Insights
July 29, 2019

What does blockchain for biz look like?

In our previous article on how blockchain adoption will affect the average user, we discussed the fact that blockchain technology is essentially a database, and that end users rarely need a database. Business, on the other hand, lives on databases. From employee records to client lists, and everything in-between — where there’s information, there’s a database of some sort behind it — and a frightening number of them are vulnerable.

In our previous article on how blockchain adoption will affect the average user, we discussed the fact that blockchain technology is essentially a database, and that end users rarely need a database. Business, on the other hand, lives on databases. From employee records to client lists, and everything in-between — where there’s information, there’s a database of some sort behind it — and a frightening number of them are vulnerable.

Before looking into how blockchain and DLT can improve the enterprise software ecosystem, we need to look at conventional databases. Without going into technical detail, conventional databases are vulnerable to illegal access (internal and external), physical compromise, and data compromise.

Illegal access is a sickness that spreads from the root — or at least root-level access. Hierarchic permissioning means that many databases grant blanket access to certain levels of permission. This leaves them ripe for exploitation, or simply vulnerable to user error.

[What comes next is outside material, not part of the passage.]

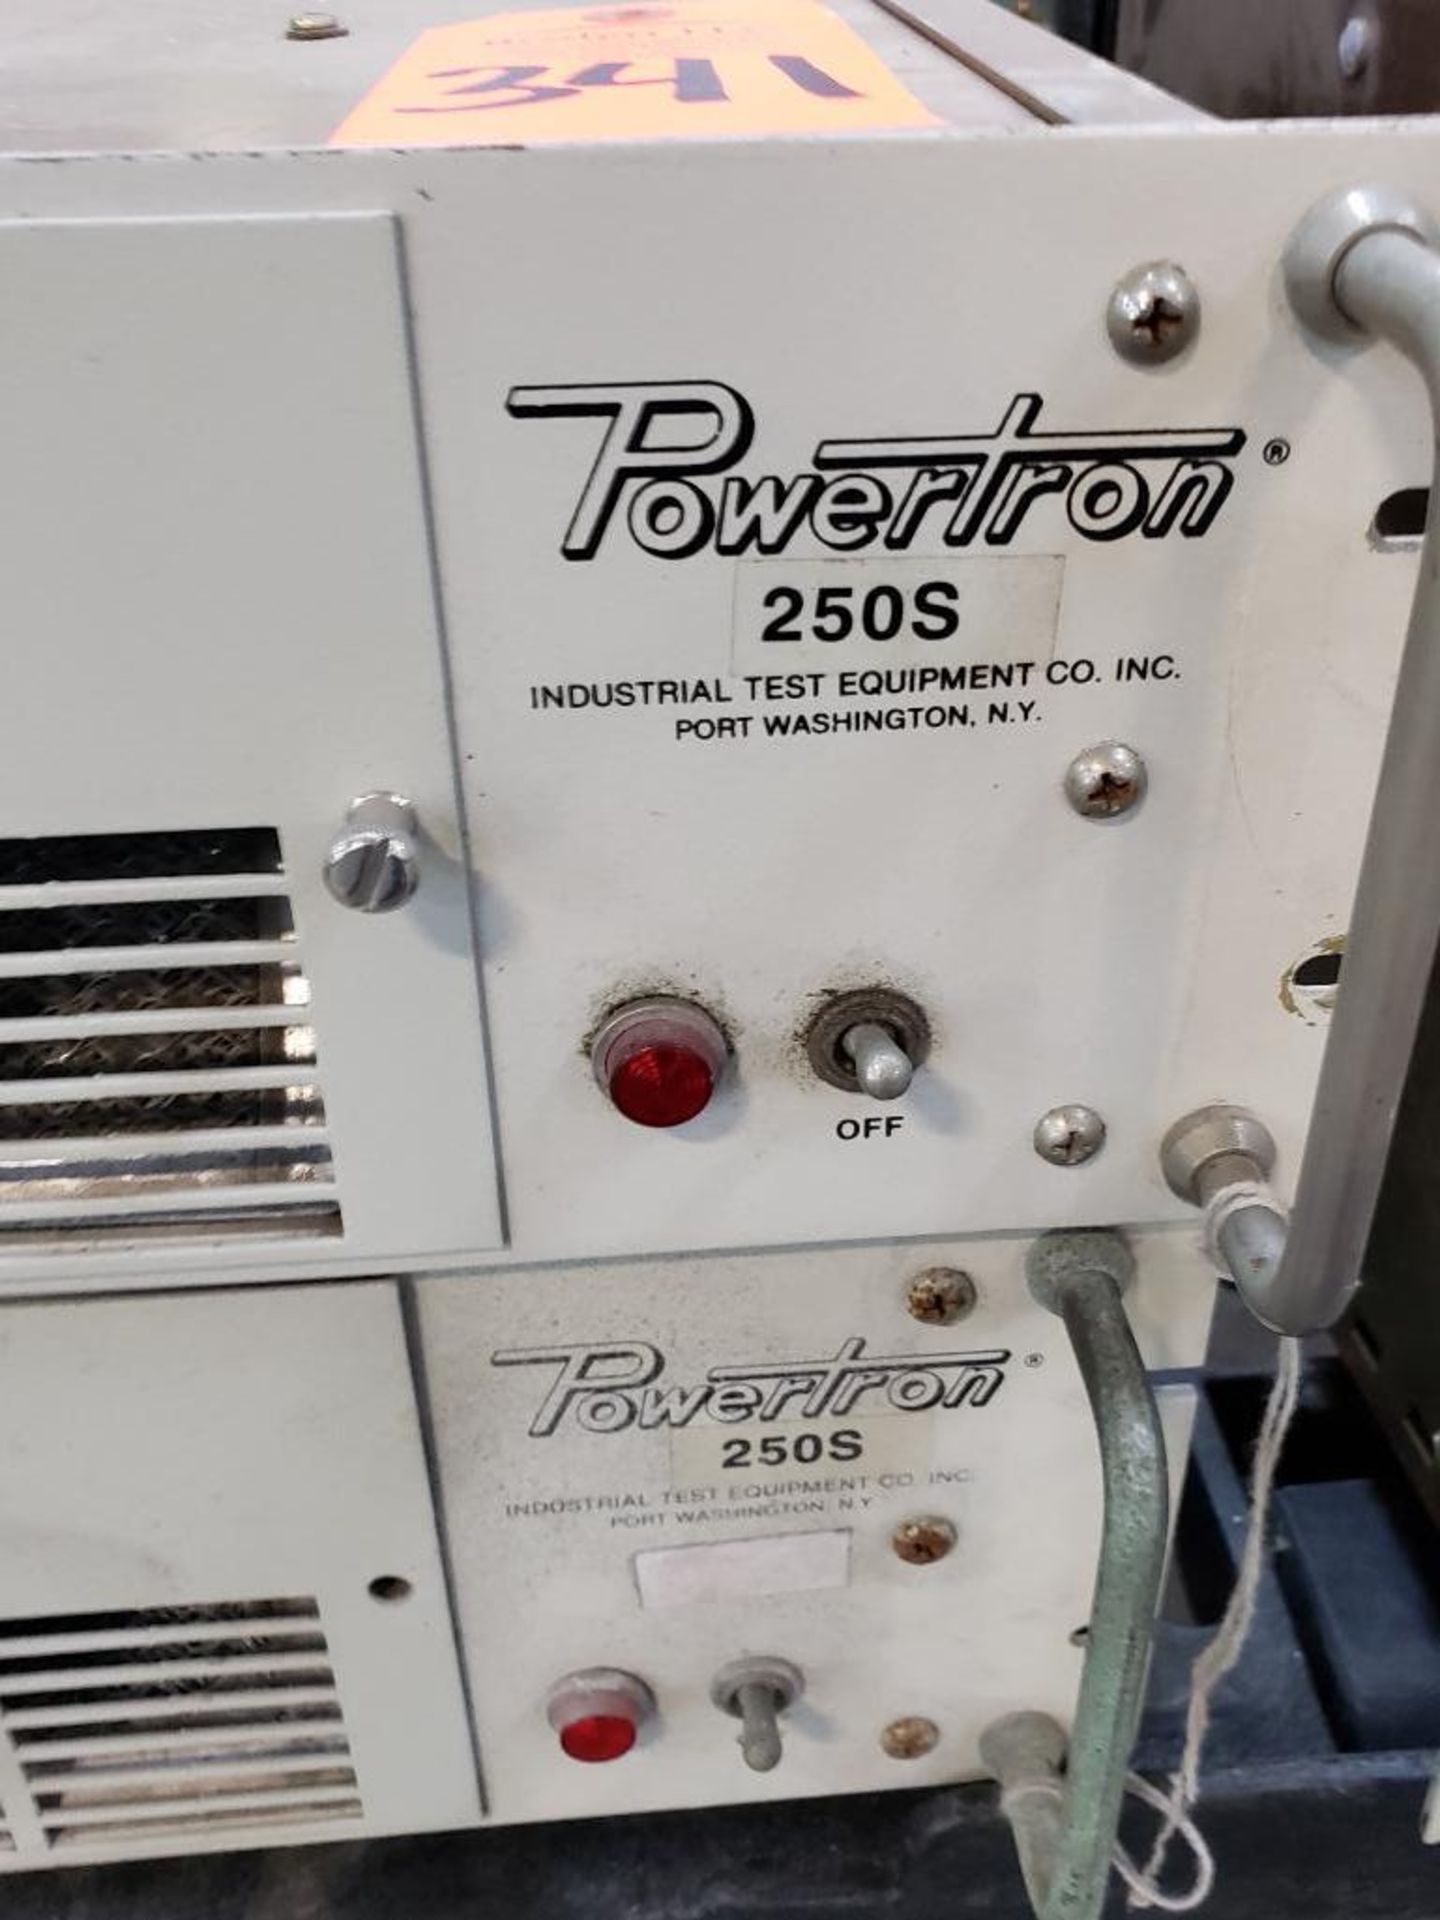 Qty 2 - Powertron Model 250S power supplies. - Image 2 of 3

Physical compromise is an inevitable product of storing all one’s data eggs in a single basket — or data center. Even with some redundancy, centralised data centers are vulnerable to outages, infrastructure failure, natural disaster, and even terrorist attack.

Data compromise is when the data itself is corrupted, either by error or attack. From a simple bad field to malicious software, an error can become self-replicating throughout the database without control.

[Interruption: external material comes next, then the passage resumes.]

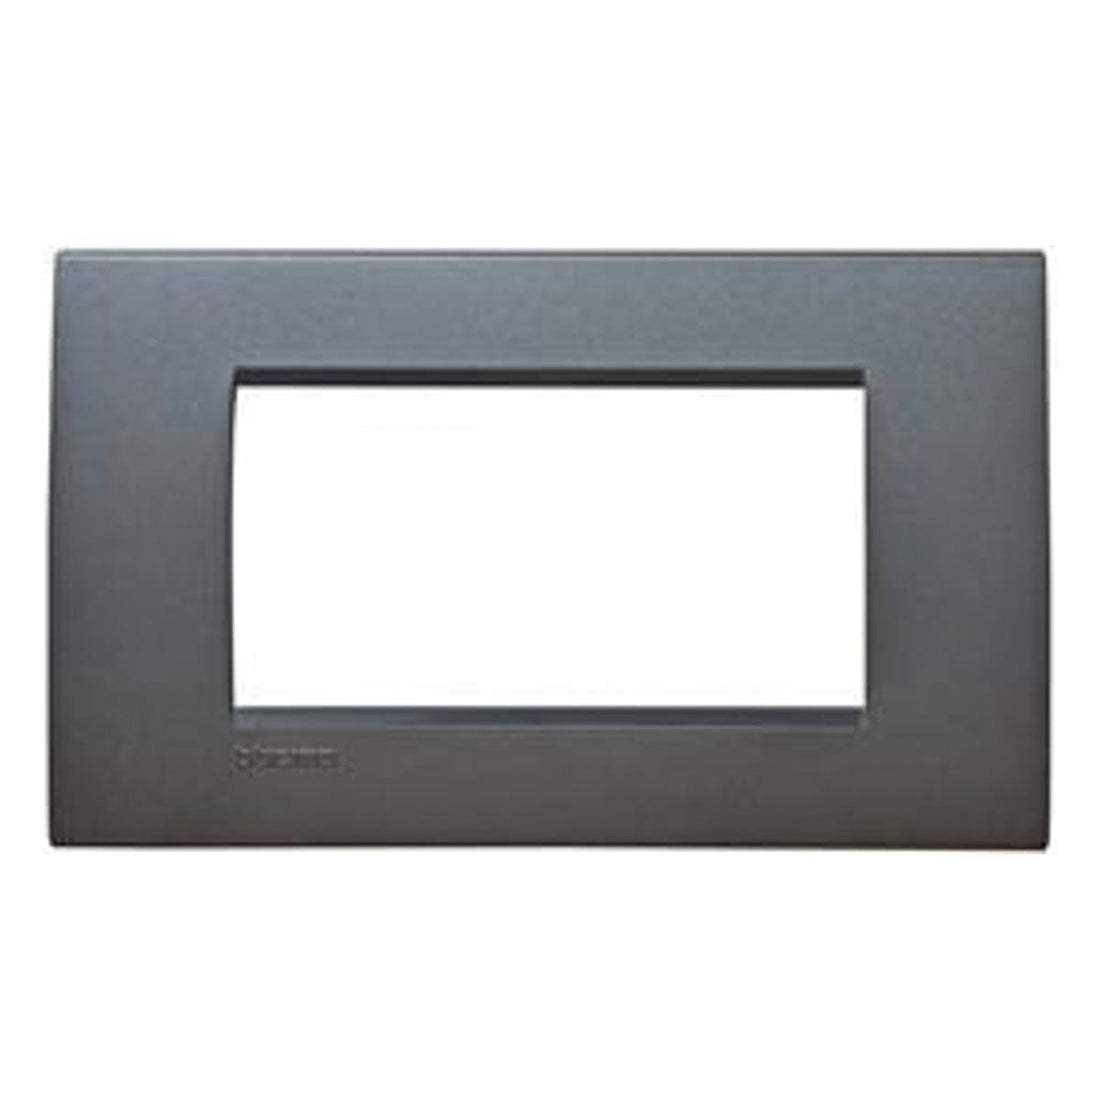 LIVING LIGHT PLATE 4 PLACES ANTHRACITE - best price from Maltashopper.com BR420101310

So how does blockchain mitigate these risks, and is the effort worth the reward?

Making friends with the new kid on the block…

Blockchain and DLTs have their pros and cons, just like any other technology. The benefits they offer primarily stem from increased robustness — compromise is very difficult, as the data doesn’t exist in a single location and bad data can’t be propagated easily. A majority of the nodes in the ledger must agree that incorrect data is correct, which is very difficult — although not theoretically impossible — to achieve.

The various chains and ledgers use a variety of means to make their technology secure, but they all work on the same general principle — for data to be accepted as correct, a majority (or supermajority) of nodes must find consensus and agree that it is correct. The actual validation of the data is ensured by cryptographic continuity — each block on the chain is mathematically related to the previous one, ensuring that the data can be validated.

How each of these options manage consensus, and the speed and reliability of the technology by which they manage it is a critical point. In most cases, consensus mechanism defines the differences between the many chains and DLTs on the market horizon today, and indicates their appropriate use-cases.

Or working on the chain gang?

The criticisms of blockchain/DLT generally centre around three basic points — resource consumption, transaction speeds, and governance. In general, newer generations of the technology are trying to resolve some or all of these issues, but there are no perfect solutions — yet.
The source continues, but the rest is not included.